Use Python Testing when writing parametrized tests for functions with multiple input variations, when mocking external services for isolated unit testing, when setting up integration tests with database fixtures, or when measuring and improving code coverage.

Related Topics

Pytest plugin ecosystem, unittest.mock library, coverage.py analysis, factory_boy test data generation, and CI test pipeline configuration complement Python testing.

Important Notes

Requirements

Pytest installed as the test runner. unittest.mock from the standard library for mocking. coverage.py for code coverage measurement.

Usage Recommendations

Do: use fixtures for shared setup to eliminate duplication across test functions.
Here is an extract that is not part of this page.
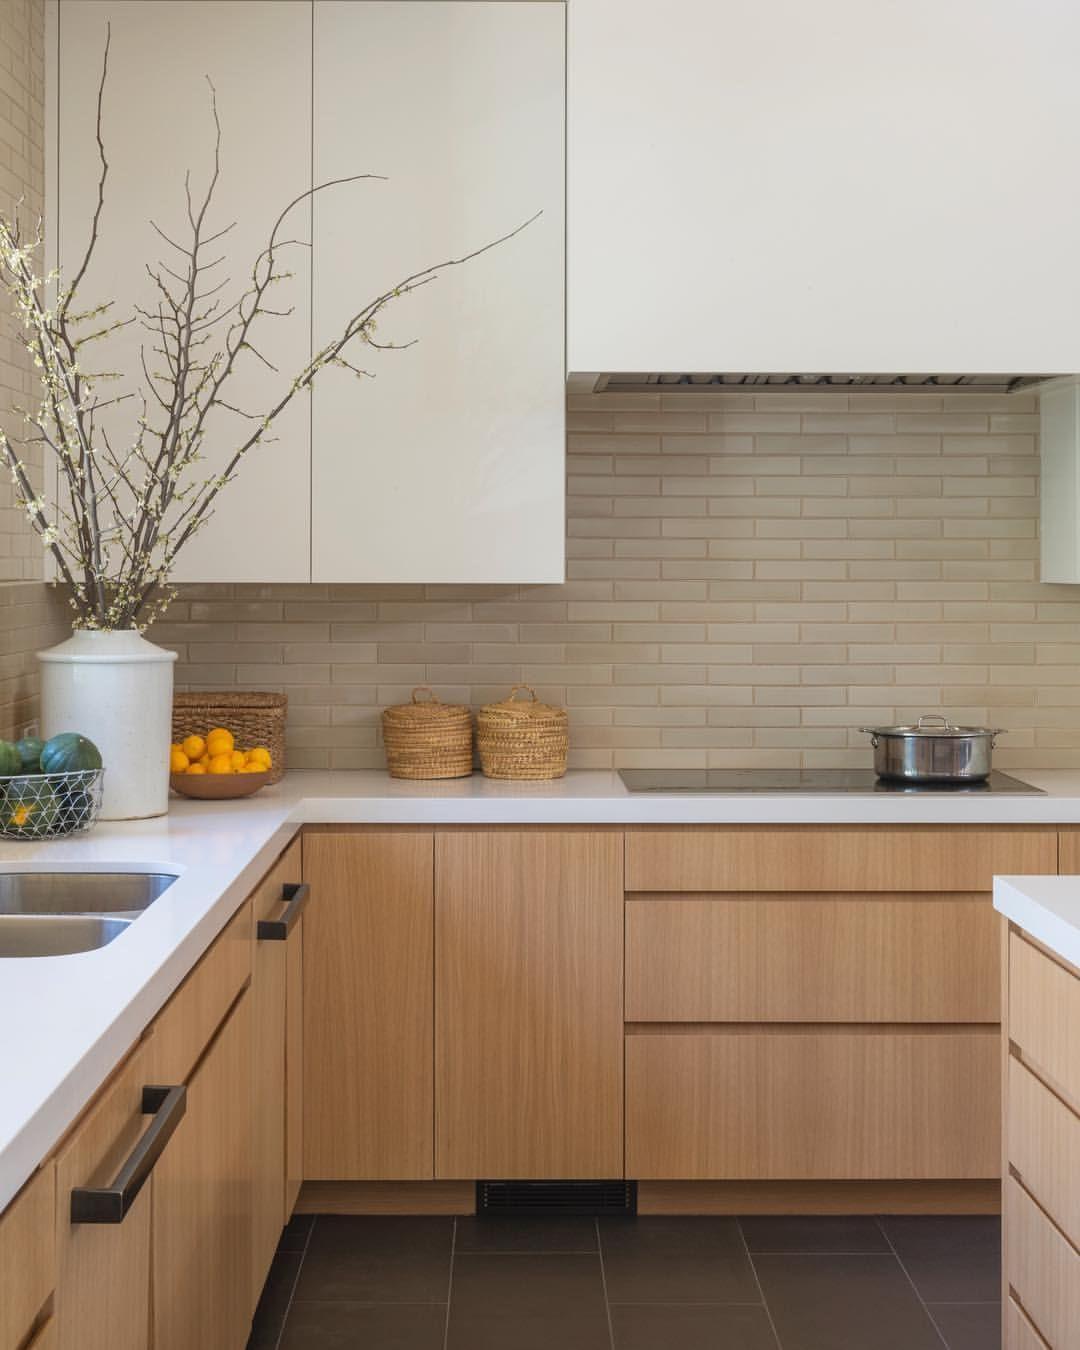 Kitchen By Disc Interiors Discinteriors Modernkitchen Interiordesign Interiordesigner Kitchend Kitchen Trends Modern Kitchen Design Modern Wooden Kitchen

Write parametrized tests when multiple inputs exercise the same logic path. Assert on mock call arguments to verify correct interaction with dependencies.

Don't: mock everything, which creates tests that pass regardless of actual behavior. Write tests that depend on execution order or shared mutable state. Skip testing error paths, which leaves failure handling unverified.

Limitations

Heavy mocking creates tests tightly coupled to implementation details rather than behavior. Coverage metrics measure line execution but not logical correctness. Fixture dependency chains can become complex and difficult to trace in large test suites.